Republicans are locked in battle about what kind of a party they will be: one that stands for conservative values and seeks to craft legislation in support of those ideals, or one that will continue drifting to the extremes, breathing life into lies that rile up the base while undercutting faith in the country’s democracy.
So far, it’s very clear which side is winning, and the potential consequences for the country are ominous.
It’s easy to become accustomed and blasé about this new reality. But we should stop to think about what it means: One of the two governing parties in the United States is controlled by people promoting the delegitimization of America’s duly elected president, people who are endorsing or refusing to rectify dangerous lies.

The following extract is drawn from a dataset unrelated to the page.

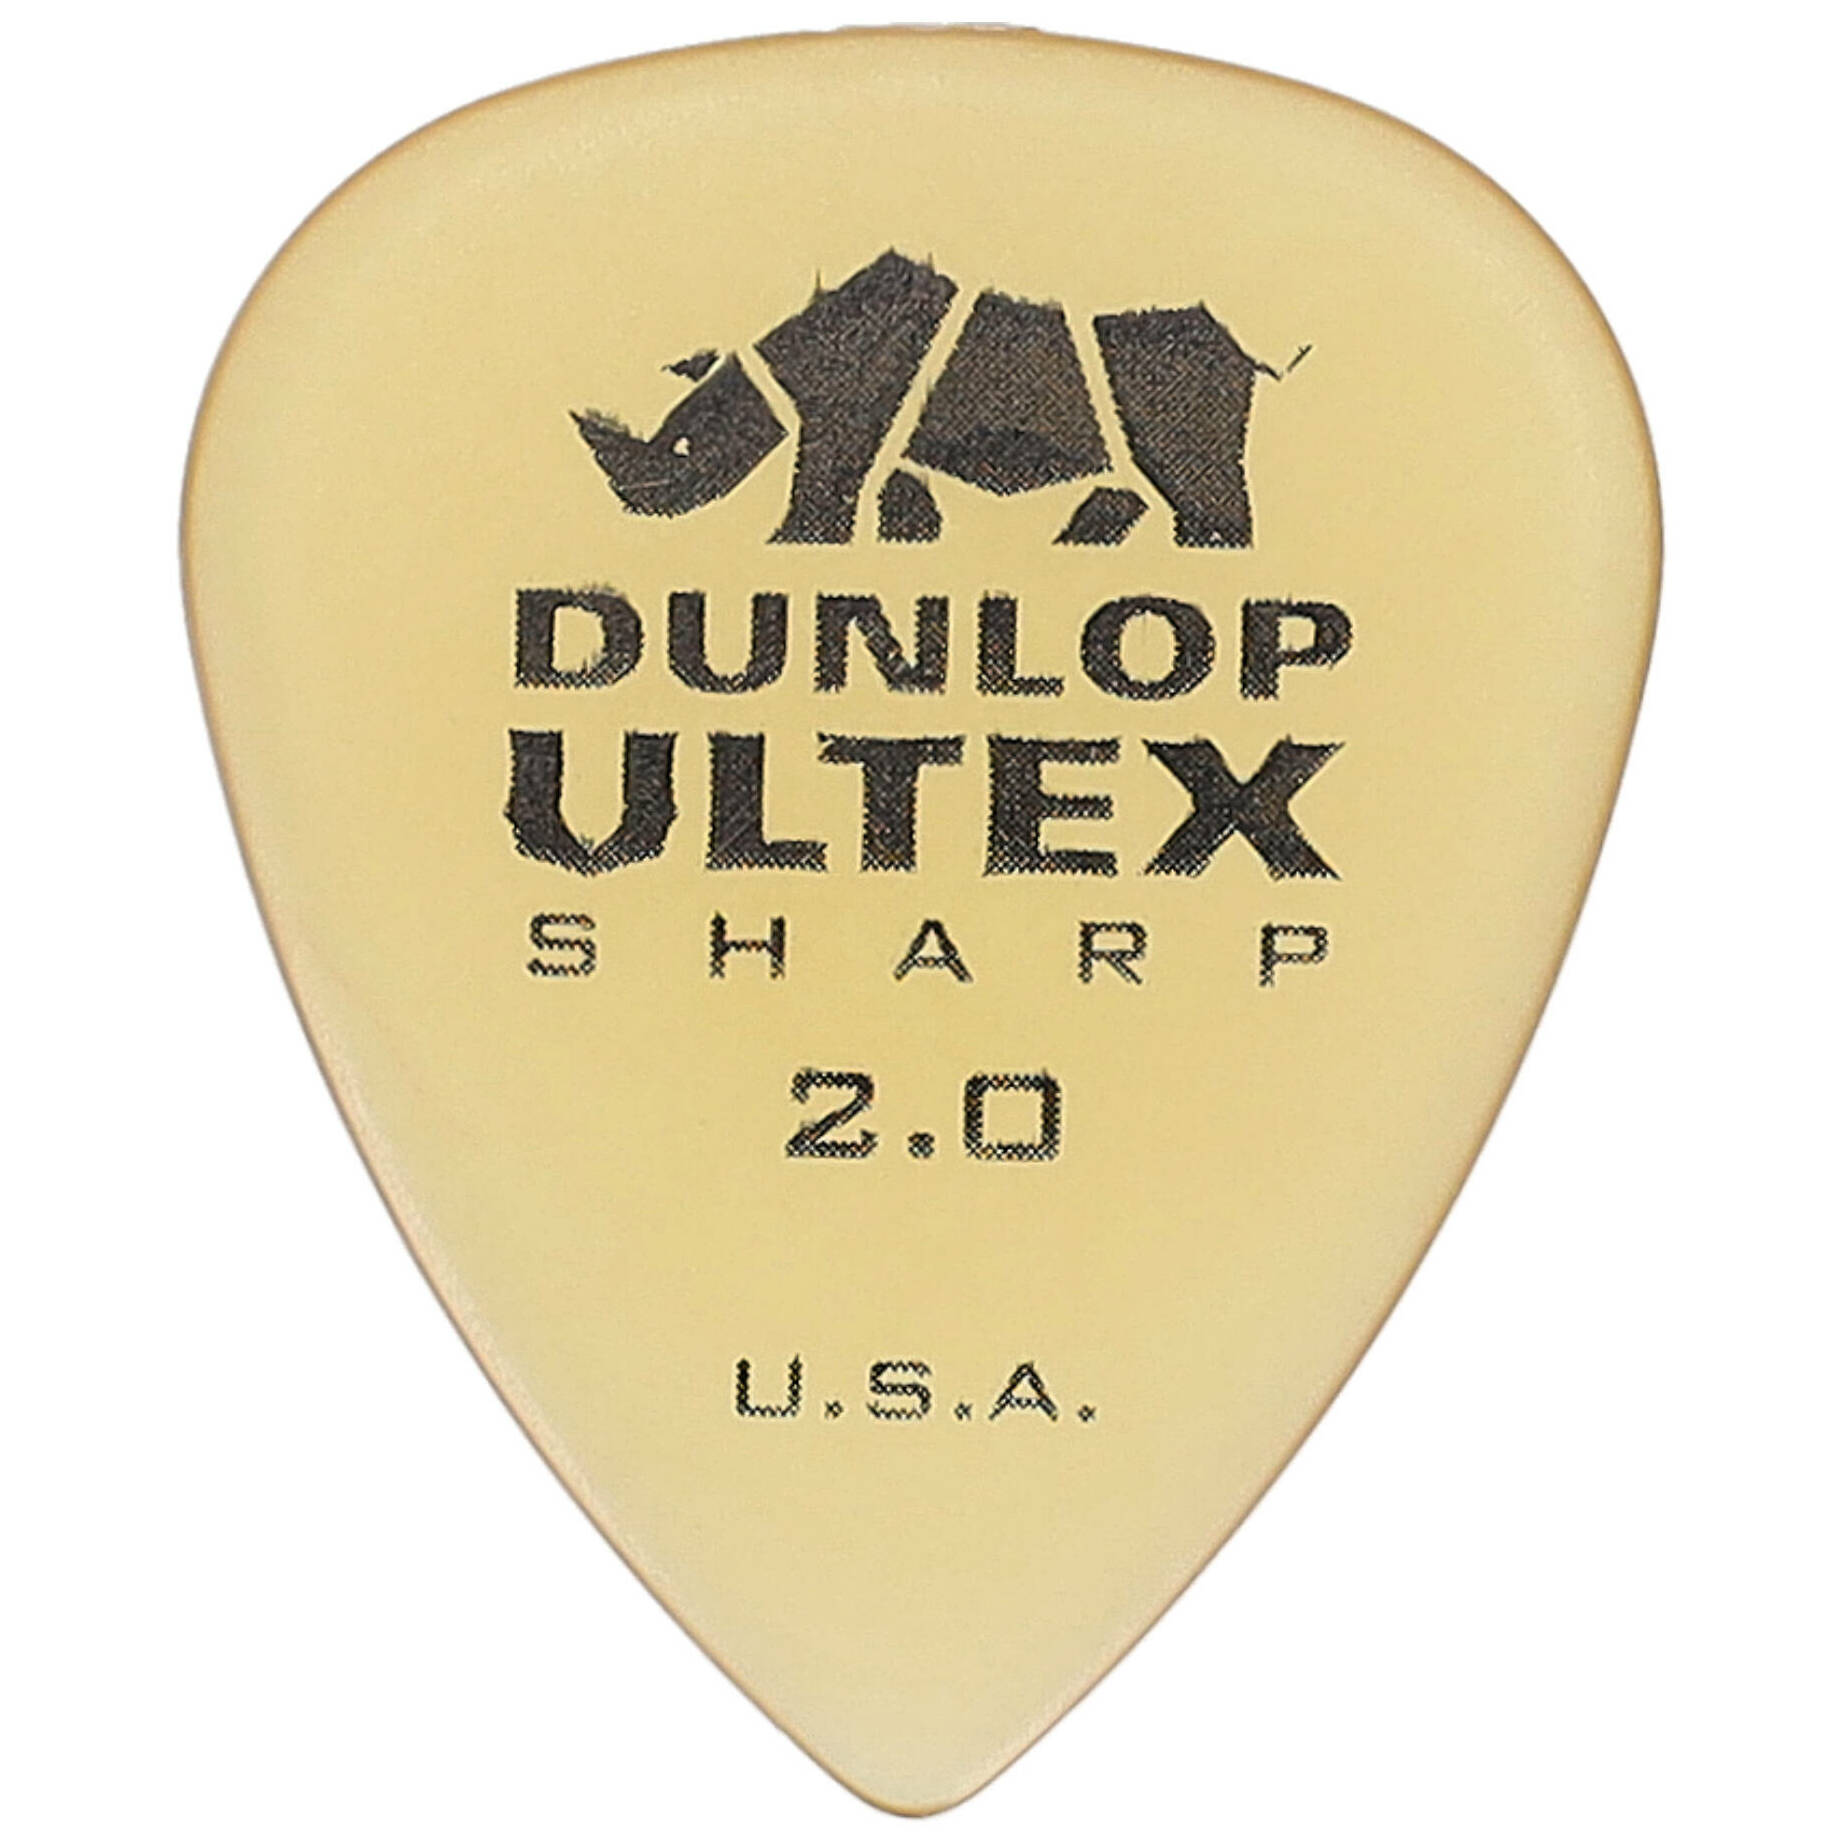 Dunlop Ultex Sharp 2.00

It wasn’t very long ago that the country had two reality-based, generally centrist parties. Democrats and Republicans, with different philosophies, debated the merits of their ideas, in search of a workable compromise.
But then, bit by bit, the GOP started veering in a different direction. By the time Trump became president, the maximalist, nativist, conspiracy-driven, scandal-manufacturing, hate-stoking wing was already ascendant, propelled by the engines of Fox News and other far-right provocateurs. Trump’s victory was the coup that toppled the old GOP and turned it into the extremist MAGA machine.

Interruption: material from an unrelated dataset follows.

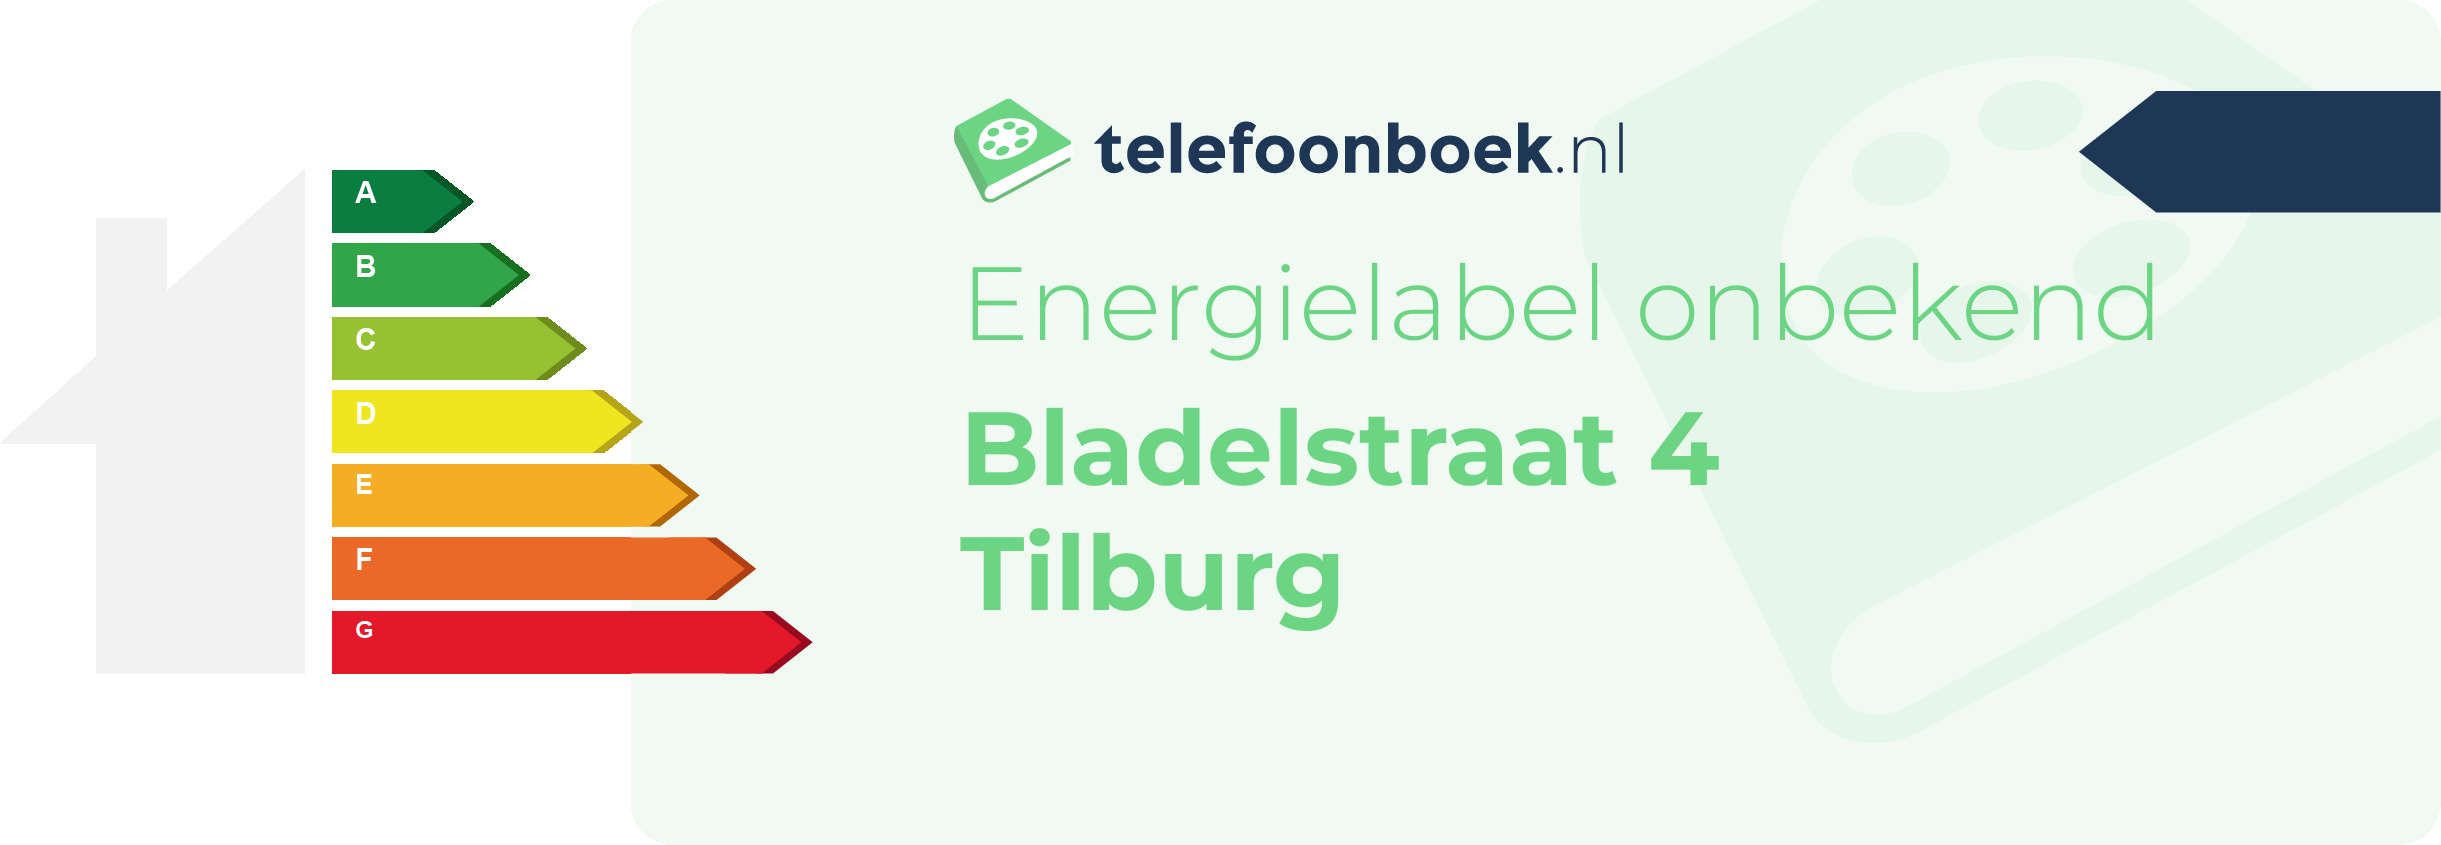 Energielabel Bladelstraat 4 Tilburg

Notice, this is not about doing what’s good for the country. “The chaos caucus,” Boehner said, “had built up their own power base thanks to fawning right-wing media and outrage-driven fundraising cash.”
This is self-serving politics taken to the extreme, seeking not to legislate but to enrage and fundraise. Boehner names Sen. Ted Cruz in the Politico piece as “the head lunatic leading the way.”

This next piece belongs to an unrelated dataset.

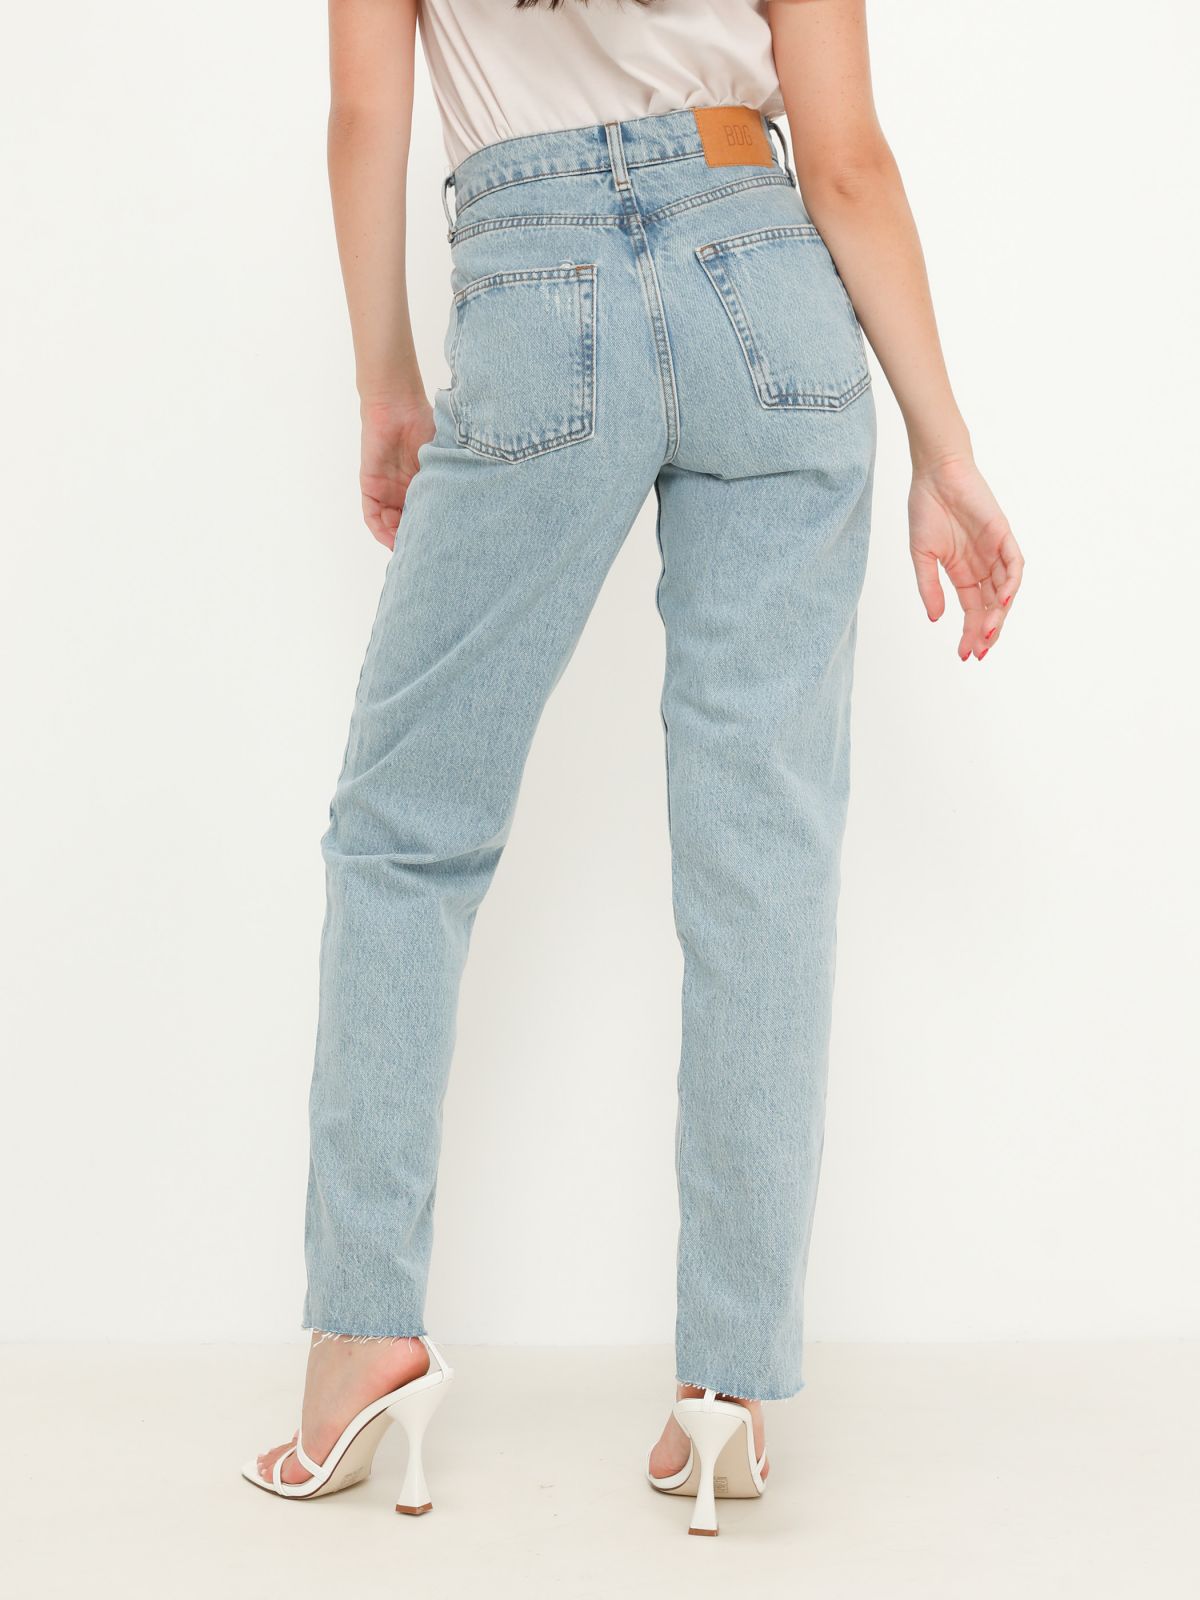  ג'ינס בגזרה גבוה בסיומת גזורה של URBAN OUTFITTERS

But that was before Trump, who broke through every guardrail of decency, and took most of the party with him.
And yet, the fight is not over. More than a few Republicans are still willing to speak out. This is not about Republicans deciding if they are conservative or moderate, it’s about deciding if the party will respect the truth, democracy, and some manner of principle other than what is good for Trump and those seeking favor with him.
We’ve seen flashes of courage from conservative Republicans, like Rep. Liz Cheney and moderate ones like Sen. Mitt Romney and Rep. Adam Kinzinger. And at the state level, we saw Georgia Secretary of State Brad Raffensperger and other Republican election officials hold firm despite Trump’s verbal slings and arrows.
Other political battles may seem more interesting, more urgent, maybe more entertaining. But when it comes to America’s future, this one matters most. American democracy will struggle to survive if one of its two parties turns its back on reality and stops believing in democracy.